DATA RECORDS
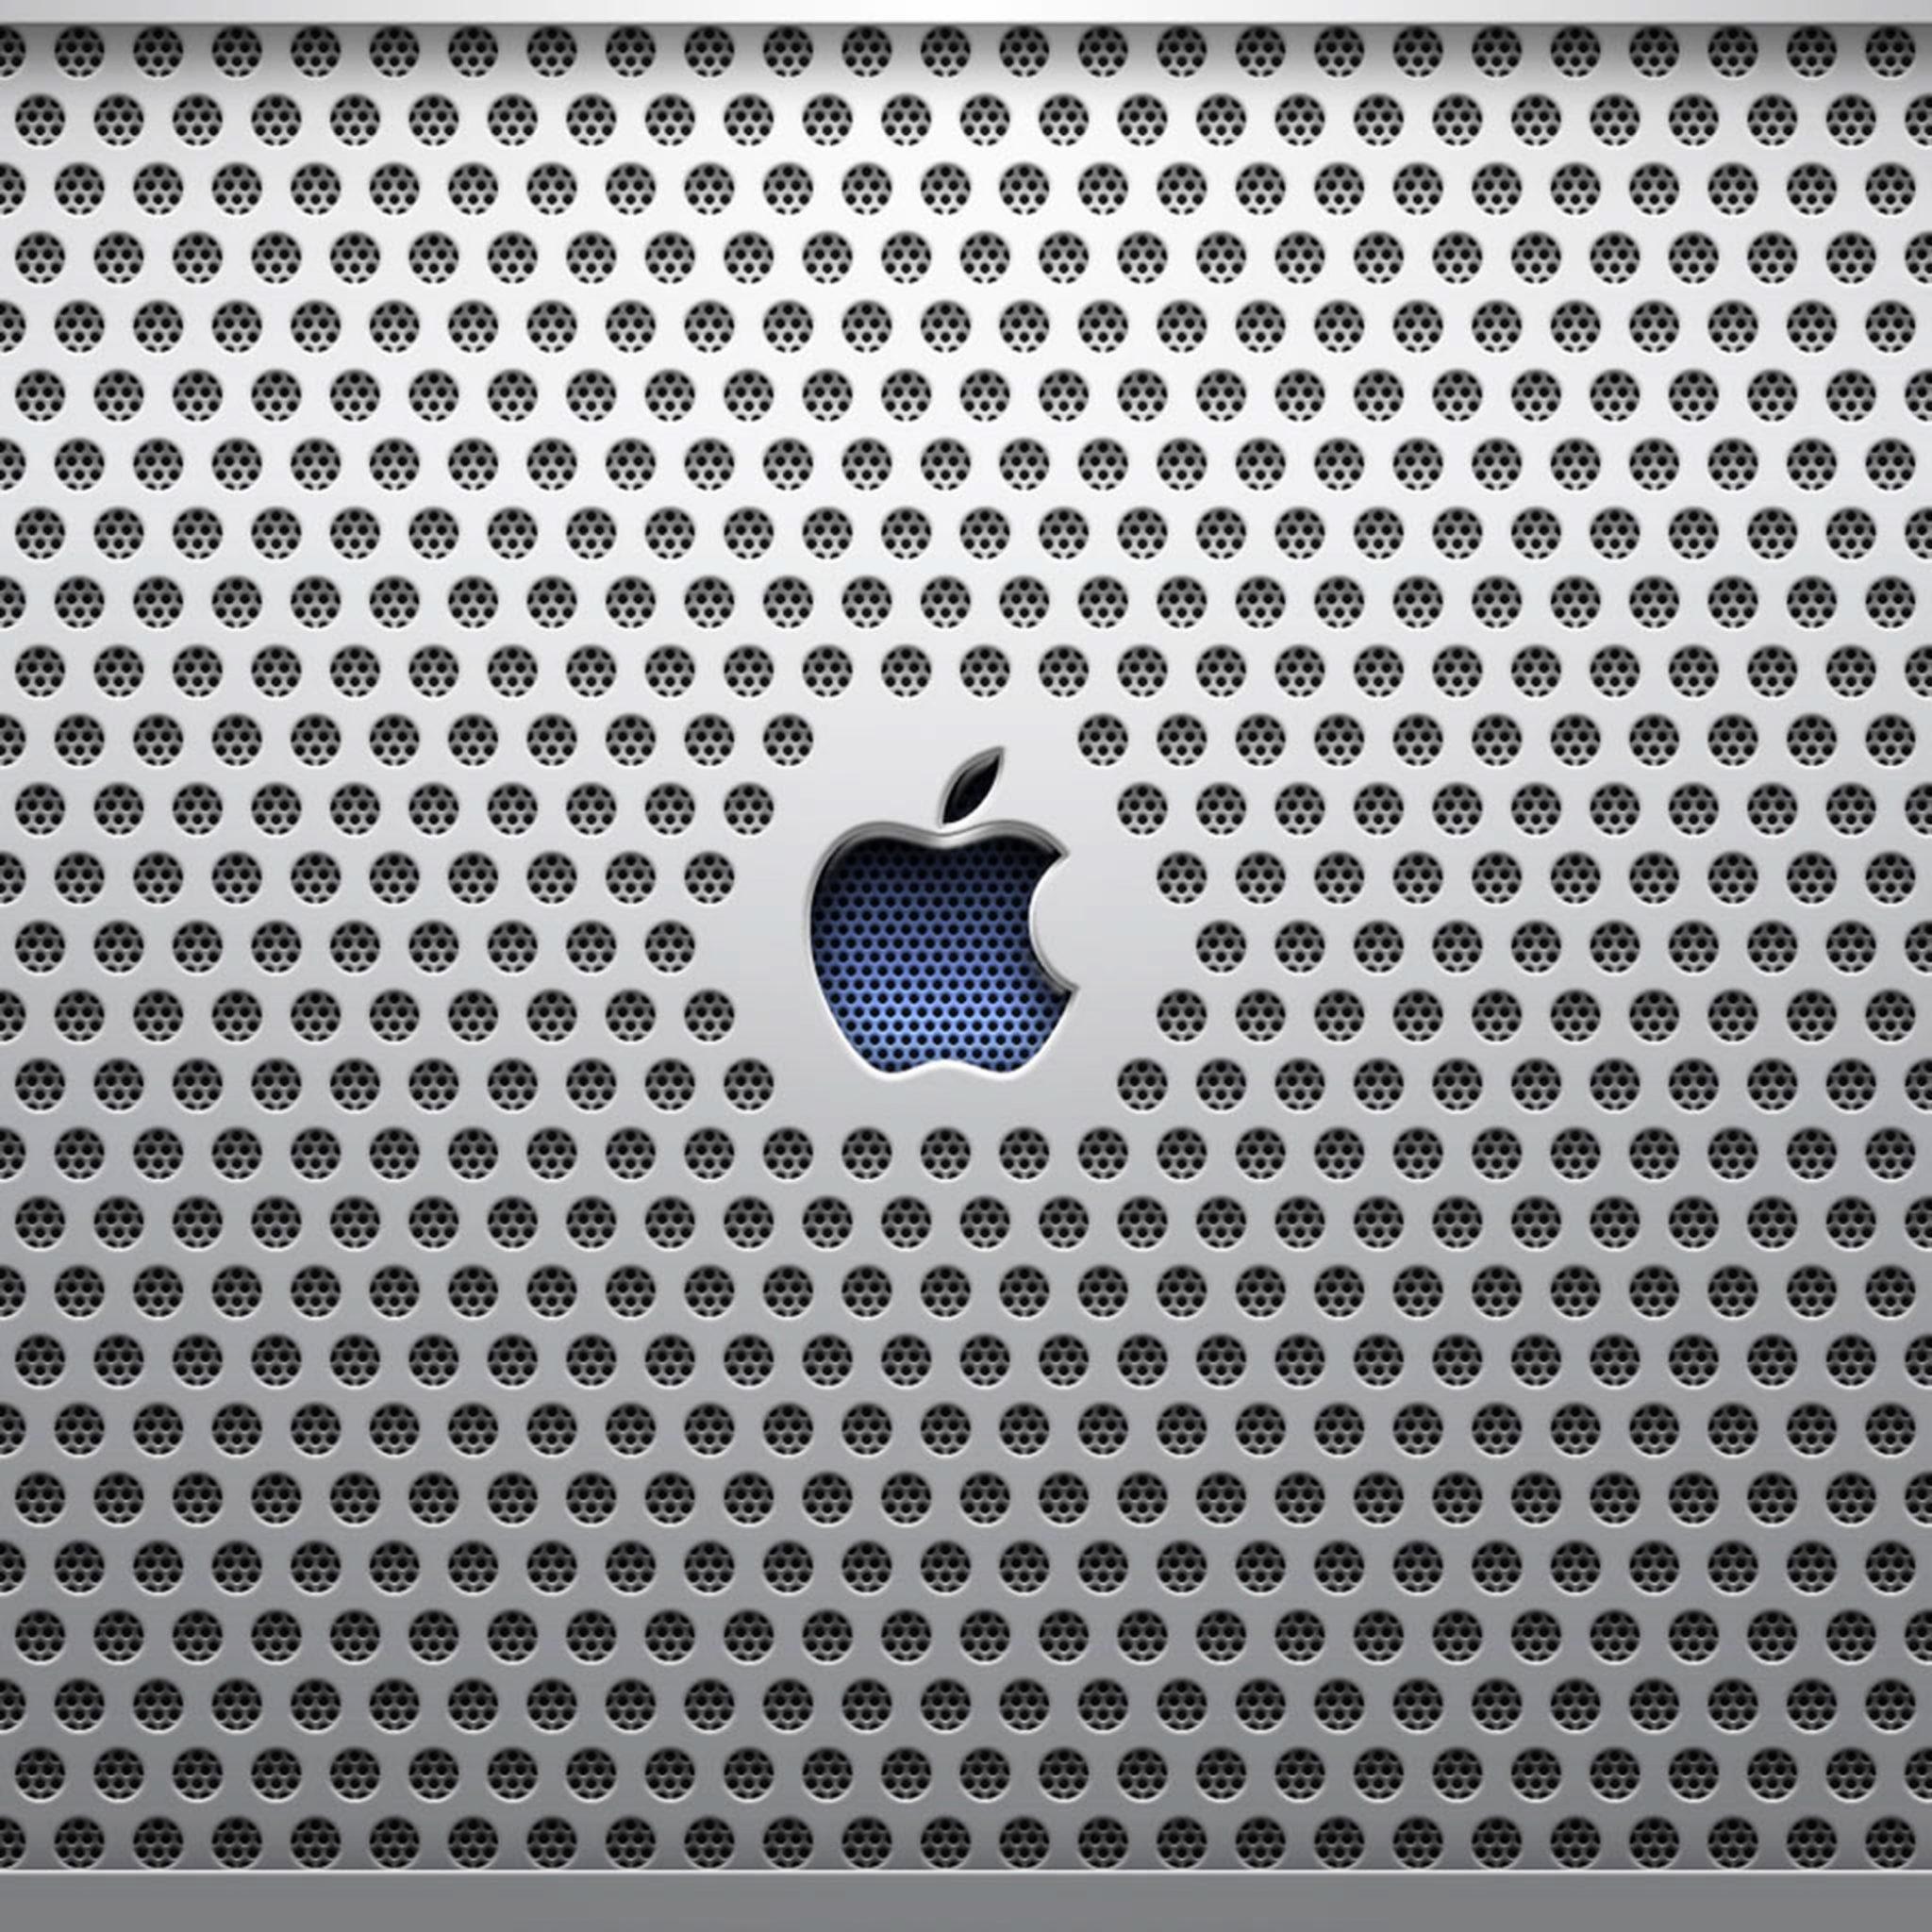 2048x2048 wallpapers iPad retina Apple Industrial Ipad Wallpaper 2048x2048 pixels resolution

==

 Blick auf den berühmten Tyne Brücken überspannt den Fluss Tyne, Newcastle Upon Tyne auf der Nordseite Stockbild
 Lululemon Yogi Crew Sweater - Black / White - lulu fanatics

---

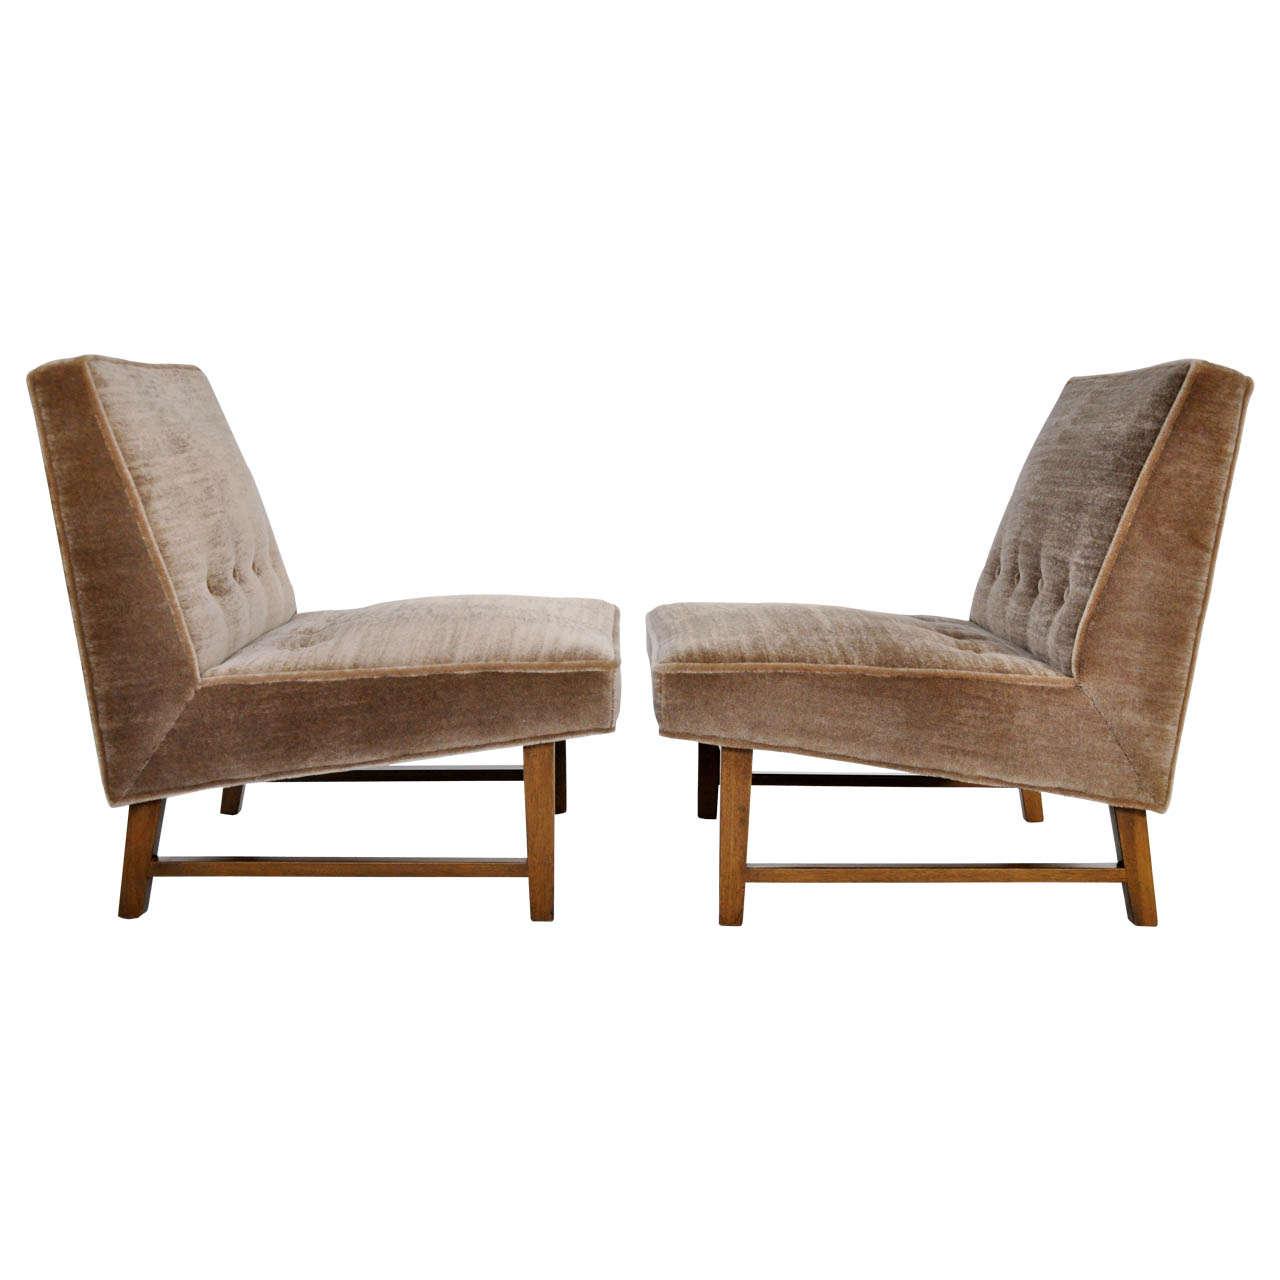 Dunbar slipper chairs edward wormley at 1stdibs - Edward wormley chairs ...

TASK REQUIREMENTS
Produce only the lines from the line containing "Blick auf den" through the line containing "Lululemon Yogi Crew", inclusive of both, exactly as they stand in the entries above.

TASK RESPONSE
 Blick auf den berühmten Tyne Brücken überspannt den Fluss Tyne, Newcastle Upon Tyne auf der Nordseite Stockbild
 Lululemon Yogi Crew Sweater - Black / White - lulu fanatics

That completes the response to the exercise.